**Your goal**
For this exercise, return exactly the lines of the material below that begin at the one with "80 Beautiful Master" and stop after the one with "星球大战:共和国时代(2019年): Chapter 1".

**Data excerpts**
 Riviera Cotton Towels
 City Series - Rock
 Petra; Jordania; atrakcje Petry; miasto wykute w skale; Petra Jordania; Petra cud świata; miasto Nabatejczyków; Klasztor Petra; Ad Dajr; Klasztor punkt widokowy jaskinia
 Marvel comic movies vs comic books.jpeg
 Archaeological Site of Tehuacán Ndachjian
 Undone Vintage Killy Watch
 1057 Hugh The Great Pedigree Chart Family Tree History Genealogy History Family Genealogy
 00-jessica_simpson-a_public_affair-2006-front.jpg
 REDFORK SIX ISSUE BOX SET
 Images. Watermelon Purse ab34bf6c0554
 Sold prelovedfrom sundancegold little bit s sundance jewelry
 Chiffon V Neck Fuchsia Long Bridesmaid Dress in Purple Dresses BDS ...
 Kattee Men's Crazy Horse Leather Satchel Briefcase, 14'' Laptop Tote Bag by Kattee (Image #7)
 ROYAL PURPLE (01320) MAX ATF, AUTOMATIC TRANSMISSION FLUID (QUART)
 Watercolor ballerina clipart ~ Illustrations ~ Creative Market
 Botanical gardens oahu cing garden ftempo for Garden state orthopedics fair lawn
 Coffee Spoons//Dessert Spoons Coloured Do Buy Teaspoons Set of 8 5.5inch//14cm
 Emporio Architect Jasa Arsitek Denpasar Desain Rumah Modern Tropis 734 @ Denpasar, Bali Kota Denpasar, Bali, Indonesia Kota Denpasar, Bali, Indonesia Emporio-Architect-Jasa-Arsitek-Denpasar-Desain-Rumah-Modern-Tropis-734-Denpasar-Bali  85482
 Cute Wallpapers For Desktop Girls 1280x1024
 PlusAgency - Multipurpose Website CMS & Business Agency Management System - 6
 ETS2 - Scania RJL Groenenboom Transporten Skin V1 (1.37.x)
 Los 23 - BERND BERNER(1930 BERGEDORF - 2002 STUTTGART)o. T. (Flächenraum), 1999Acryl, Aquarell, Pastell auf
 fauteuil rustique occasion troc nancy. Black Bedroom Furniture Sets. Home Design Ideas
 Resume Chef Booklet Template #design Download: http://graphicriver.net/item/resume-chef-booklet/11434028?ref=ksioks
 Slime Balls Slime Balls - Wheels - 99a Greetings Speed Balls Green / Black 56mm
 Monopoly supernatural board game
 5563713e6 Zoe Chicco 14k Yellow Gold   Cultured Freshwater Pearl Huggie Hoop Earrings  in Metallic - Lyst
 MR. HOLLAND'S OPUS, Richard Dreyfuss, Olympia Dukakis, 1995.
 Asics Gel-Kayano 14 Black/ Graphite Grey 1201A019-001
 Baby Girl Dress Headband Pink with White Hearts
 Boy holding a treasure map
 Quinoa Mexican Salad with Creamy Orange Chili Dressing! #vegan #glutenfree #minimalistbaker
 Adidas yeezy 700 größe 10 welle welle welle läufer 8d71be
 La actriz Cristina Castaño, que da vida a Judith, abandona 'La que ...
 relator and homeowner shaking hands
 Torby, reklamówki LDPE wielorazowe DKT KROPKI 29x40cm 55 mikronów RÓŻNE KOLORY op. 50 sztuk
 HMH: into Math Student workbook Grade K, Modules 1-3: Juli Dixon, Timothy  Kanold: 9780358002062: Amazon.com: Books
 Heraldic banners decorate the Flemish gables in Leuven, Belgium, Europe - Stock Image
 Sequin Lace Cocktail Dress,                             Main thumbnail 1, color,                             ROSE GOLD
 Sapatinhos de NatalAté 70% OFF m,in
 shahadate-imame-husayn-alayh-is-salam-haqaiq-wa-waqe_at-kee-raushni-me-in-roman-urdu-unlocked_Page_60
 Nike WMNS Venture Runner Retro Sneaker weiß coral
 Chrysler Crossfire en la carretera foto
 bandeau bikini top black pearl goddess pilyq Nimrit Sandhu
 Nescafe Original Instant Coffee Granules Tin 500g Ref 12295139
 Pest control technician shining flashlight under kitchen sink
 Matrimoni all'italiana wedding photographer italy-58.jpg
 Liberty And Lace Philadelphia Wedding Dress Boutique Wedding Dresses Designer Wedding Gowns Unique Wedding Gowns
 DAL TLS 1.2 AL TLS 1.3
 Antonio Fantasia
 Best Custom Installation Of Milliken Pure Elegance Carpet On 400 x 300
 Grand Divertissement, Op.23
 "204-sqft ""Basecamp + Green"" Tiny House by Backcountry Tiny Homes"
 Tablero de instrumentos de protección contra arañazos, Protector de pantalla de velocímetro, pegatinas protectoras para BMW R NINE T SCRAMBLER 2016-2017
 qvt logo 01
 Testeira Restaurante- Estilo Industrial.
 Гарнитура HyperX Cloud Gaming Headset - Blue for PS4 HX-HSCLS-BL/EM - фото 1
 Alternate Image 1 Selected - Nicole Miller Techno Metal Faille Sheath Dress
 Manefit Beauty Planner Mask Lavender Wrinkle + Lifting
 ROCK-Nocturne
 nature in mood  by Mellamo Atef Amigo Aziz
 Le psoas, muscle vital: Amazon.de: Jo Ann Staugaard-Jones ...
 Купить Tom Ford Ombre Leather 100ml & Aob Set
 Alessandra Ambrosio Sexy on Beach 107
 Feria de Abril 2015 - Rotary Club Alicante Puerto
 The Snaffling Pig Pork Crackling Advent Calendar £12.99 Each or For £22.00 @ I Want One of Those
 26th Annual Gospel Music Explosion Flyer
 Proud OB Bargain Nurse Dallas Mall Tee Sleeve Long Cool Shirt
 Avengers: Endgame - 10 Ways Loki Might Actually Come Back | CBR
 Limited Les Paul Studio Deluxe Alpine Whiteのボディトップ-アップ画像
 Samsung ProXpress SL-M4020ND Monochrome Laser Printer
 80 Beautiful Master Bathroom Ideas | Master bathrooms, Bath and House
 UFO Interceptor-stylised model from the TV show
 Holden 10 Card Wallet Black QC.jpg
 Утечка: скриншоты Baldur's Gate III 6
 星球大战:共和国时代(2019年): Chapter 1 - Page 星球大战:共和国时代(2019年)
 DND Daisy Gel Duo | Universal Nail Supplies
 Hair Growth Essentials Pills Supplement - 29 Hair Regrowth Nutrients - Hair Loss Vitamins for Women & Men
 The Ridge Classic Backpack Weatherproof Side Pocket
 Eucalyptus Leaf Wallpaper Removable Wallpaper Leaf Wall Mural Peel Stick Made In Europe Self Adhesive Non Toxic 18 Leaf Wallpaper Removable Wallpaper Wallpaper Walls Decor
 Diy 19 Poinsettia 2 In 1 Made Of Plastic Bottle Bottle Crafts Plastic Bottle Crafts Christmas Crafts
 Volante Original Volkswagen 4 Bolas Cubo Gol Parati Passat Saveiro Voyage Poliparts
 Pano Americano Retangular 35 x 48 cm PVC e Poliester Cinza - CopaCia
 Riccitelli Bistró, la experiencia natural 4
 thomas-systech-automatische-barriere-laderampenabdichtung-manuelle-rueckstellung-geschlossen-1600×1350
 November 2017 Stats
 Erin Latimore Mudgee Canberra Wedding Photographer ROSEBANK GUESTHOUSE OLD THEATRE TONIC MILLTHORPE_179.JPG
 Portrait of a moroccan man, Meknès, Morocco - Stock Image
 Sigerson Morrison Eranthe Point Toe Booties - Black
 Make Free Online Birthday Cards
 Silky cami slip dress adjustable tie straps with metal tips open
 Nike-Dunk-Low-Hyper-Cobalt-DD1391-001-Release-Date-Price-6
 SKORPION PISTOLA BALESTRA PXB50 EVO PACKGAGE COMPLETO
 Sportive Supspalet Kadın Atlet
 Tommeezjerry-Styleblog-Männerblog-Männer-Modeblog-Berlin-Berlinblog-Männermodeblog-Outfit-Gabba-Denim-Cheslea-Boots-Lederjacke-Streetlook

**Completed task**
 80 Beautiful Master Bathroom Ideas | Master bathrooms, Bath and House
 UFO Interceptor-stylised model from the TV show
 Holden 10 Card Wallet Black QC.jpg
 Утечка: скриншоты Baldur's Gate III 6
 星球大战:共和国时代(2019年): Chapter 1 - Page 星球大战:共和国时代(2019年)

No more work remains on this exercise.